The Swedish Victory at
Narva by Gustaf Cederström
Peter could not make war on Sweden until his peace with the
Turks was secure, but Denmark and King Augustus had no such obstacles. The
latter began operations in February with a surprise move against Riga which
failed to take the city, but Denmark fared even worse. Charles XII knocked the
Danish king out of the war in a few weeks. Peter kept up the pretense in public
that all was in order with Sweden, and no war was coming, even reassuring
Kniper personally of his pacific intentions.
Kniper could not quite believe
that the war would really happen, but he dutifully reported the rumors that war
was coming as well as Russian military preparations. Peter could not be sure of
the Turkish response, and so in April he decided on an ambassador to Sweden.

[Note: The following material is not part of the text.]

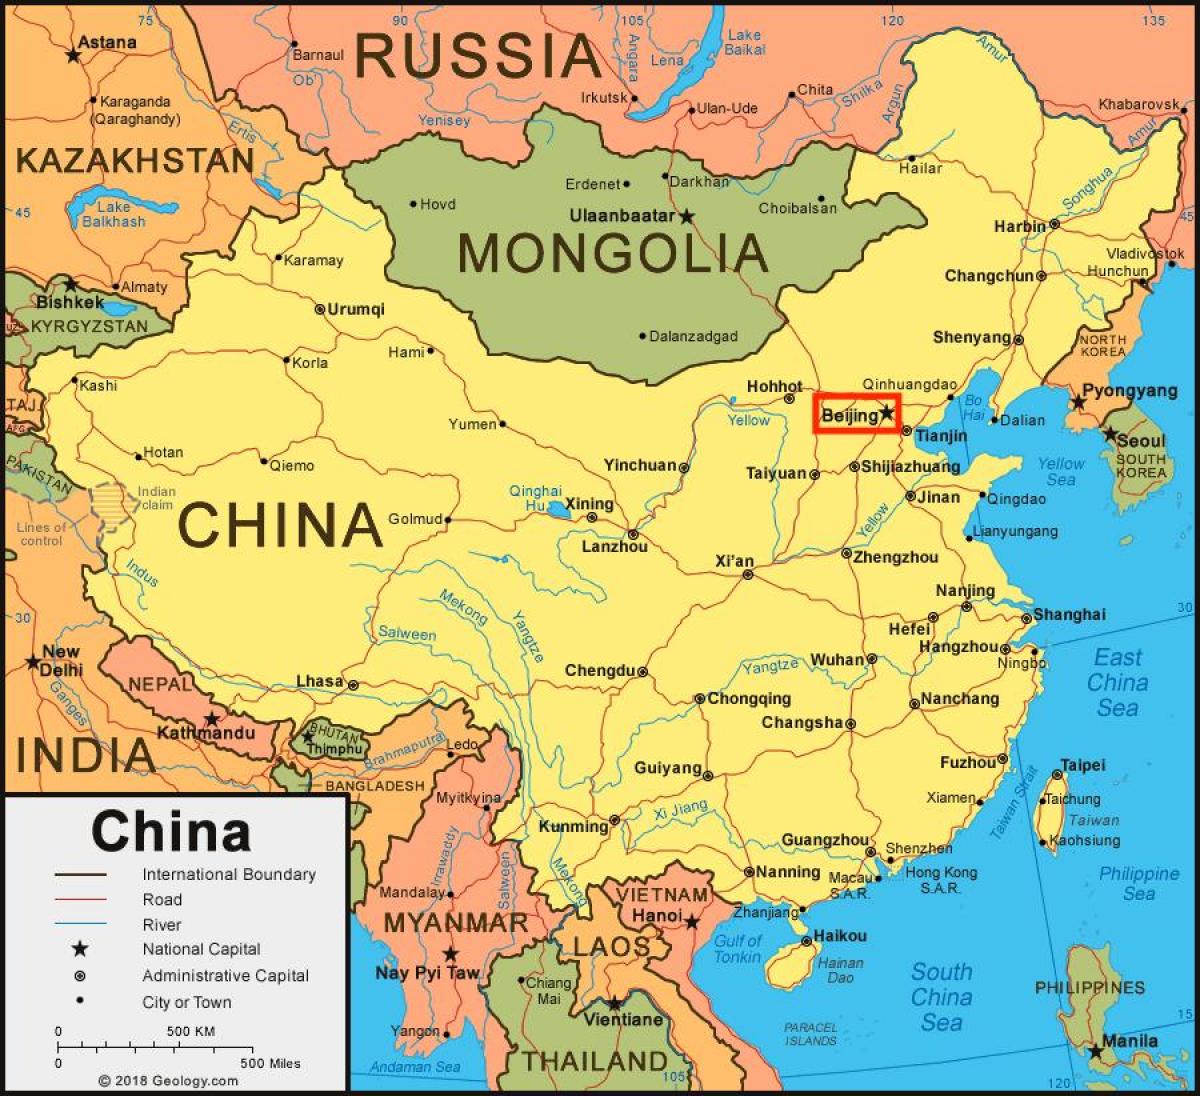 Beijing (Peking) on China map

The eventual choice was Prince Andrei Khilkov, a relative of Prince
Romodanovskii and Golovin. Khilkov would have an even more difficult task than
he expected, but at the time the rumor was not that he would have the post, but
instead Prince Iakov Fyodorovich Dolgorukii, only a few months before in bad
odor with Peter over the inadequacies of the campaigns in the south against the
Tatars. Kniper went so far as to ask his brother Boris if the rumor was true,
and prince Boris denied it: Prince Iakov had too little of the tsar's
confidence for such an important post. Prince Boris was partly wrong, however,
for Peter had originally chosen Iakov for the post, changing his mind a week
later and appointing Khilkov. Peter preferred to keep Prince Iakov with the
army and he remained in the position of general military commissar. In the
summer Peter replaced Lefort in his capacity as an army commander with General
Adam Weyde and appointed the Georgian Prince Alexander Archilovich of Imeretia
to command the Russian artillery.
After the official Russian declaration of war on 19 August,
Peter lost no time in ordering his army to besiege Narva. The choice showed
Peter's desire for a ready-made port, since Narva was not part of the lands
lost to Sweden in 1617. It lay across the old border in the Swedish province of
Estonia, and had been the object of Ivan the Terrible's wars in the sixteenth
century. The army command was a mixture of old and new. In June the story was
that the supreme commander was to be Sheremetev, and the prince of Imeretia was
to command the artillery. In August, however, Peter appointed as Field marshal
the boyar and admiral, F. A. Golovin, proven as a capable diplomat and
administrator but hardly a military man. Sheremetev received the cavalry,
largely the traditional gentry cavalry from Novgorod and some Ukrainian
Cossacks. Under Golovin the army was divided into three generalships under three
full generals, Avtomon Golovin, Adam Weyde, and Prince Nikita Ivanovich Repnin.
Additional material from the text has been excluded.